To further evaluate the clinical relevance of our findings and to test the impact of [10]-gingerol (10 mg/kg) on the development of late brain metastases, we completed an experiment where treatment commenced one day after surgical removal of the primary tumour at ~0.5 cm3 (~0.5 g) and continued for 14-days (Figure 5A). Interestingly, body weight measurement over the subsequent 14 days of treatment showed that control mice lost weight, indicative of cachexia typically observed in mice with a high tumour burden and commonly observed in advanced patients. In contrast, mice from the [10]-gingerol group gained some weight (Figure 5B).
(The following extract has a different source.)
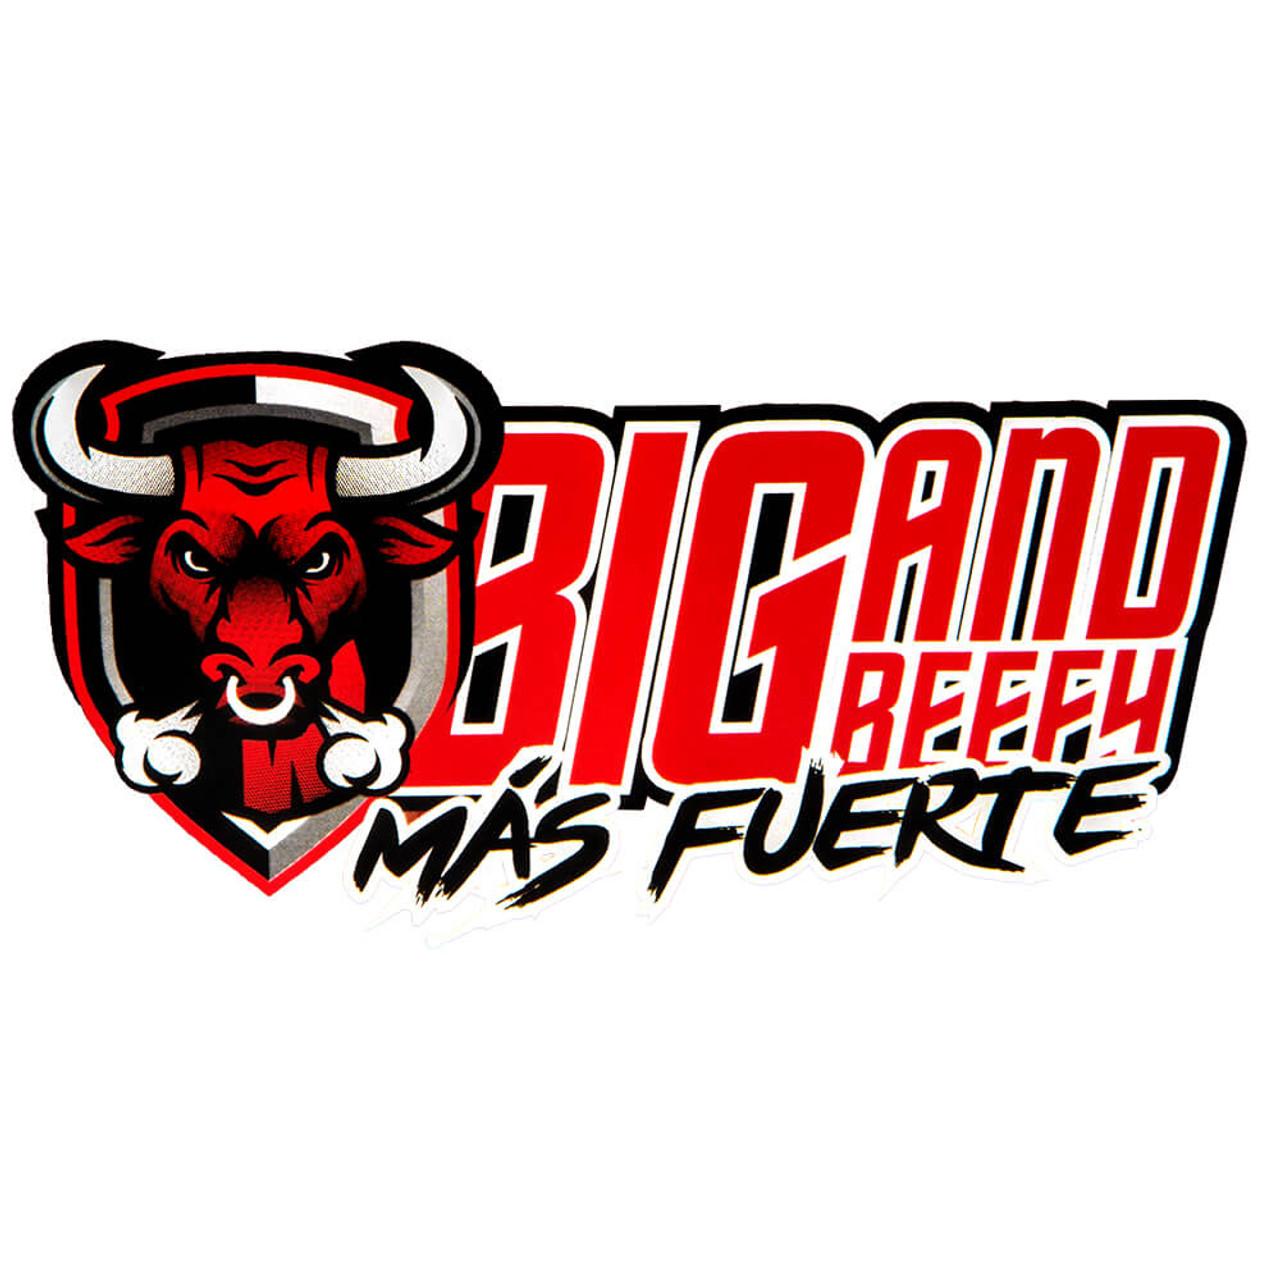 Big and Beefy Mas Fuerte No. 570 Cigars - 5 x 70 (Bundle of 10)
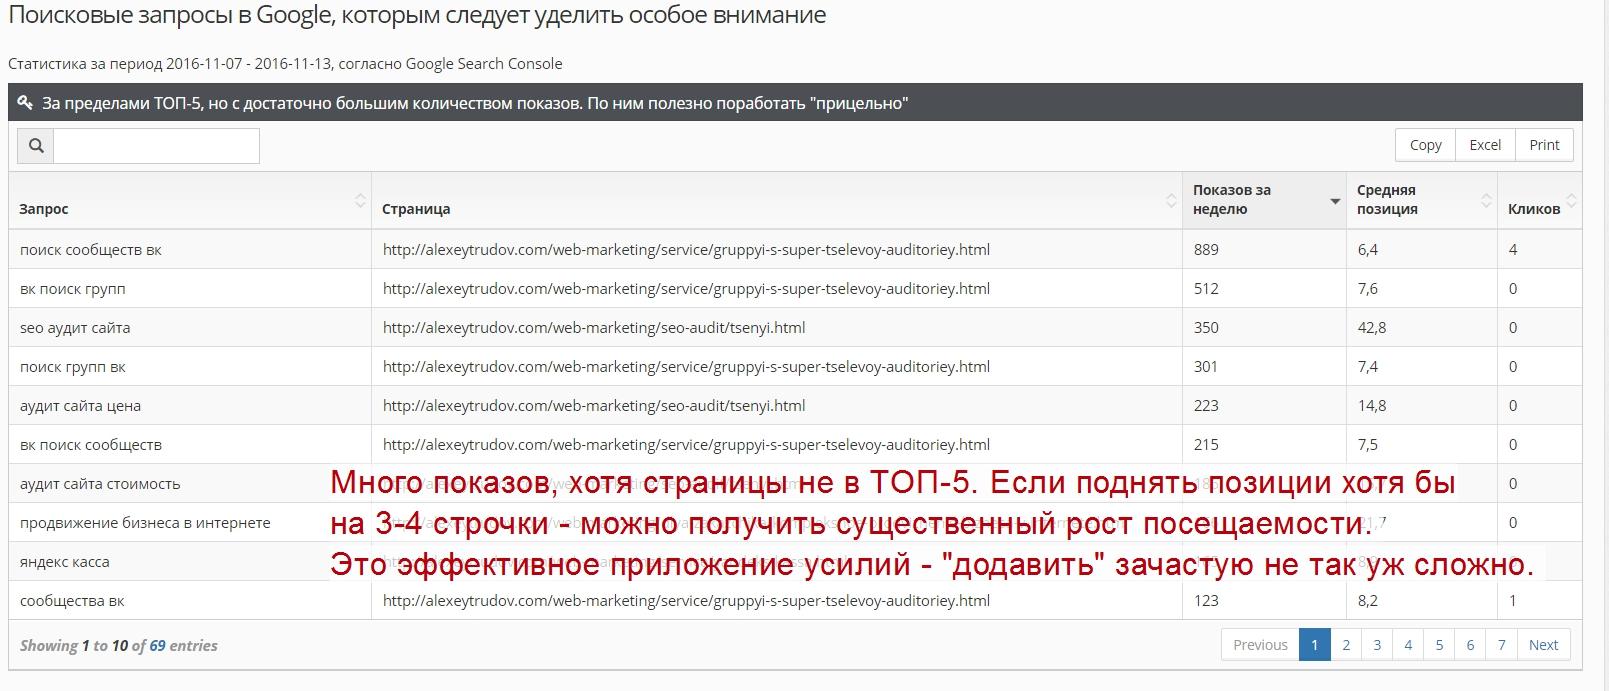 analiz-alexeytrudov-com-ot-2016-10-07-103554-seo-proryiv-google-chrome

Daily monitoring of animals also indicated a healthier general appearance in the [10]-gingerol group, as evidenced by the level of activity and coat appearance compared to controls. Consistent with these observations, mCherry fluorescence imaging of brains at endpoint indicated a significantly lower incidence of mice with brain lesions in the [10]-gingerol-treated group (1/13) compared to controls (7/13) (Figure 5C, 5D). Moreover, [10]-gingerol reduced spontaneous lung and bone metastatic burden (Figure 5E–5H).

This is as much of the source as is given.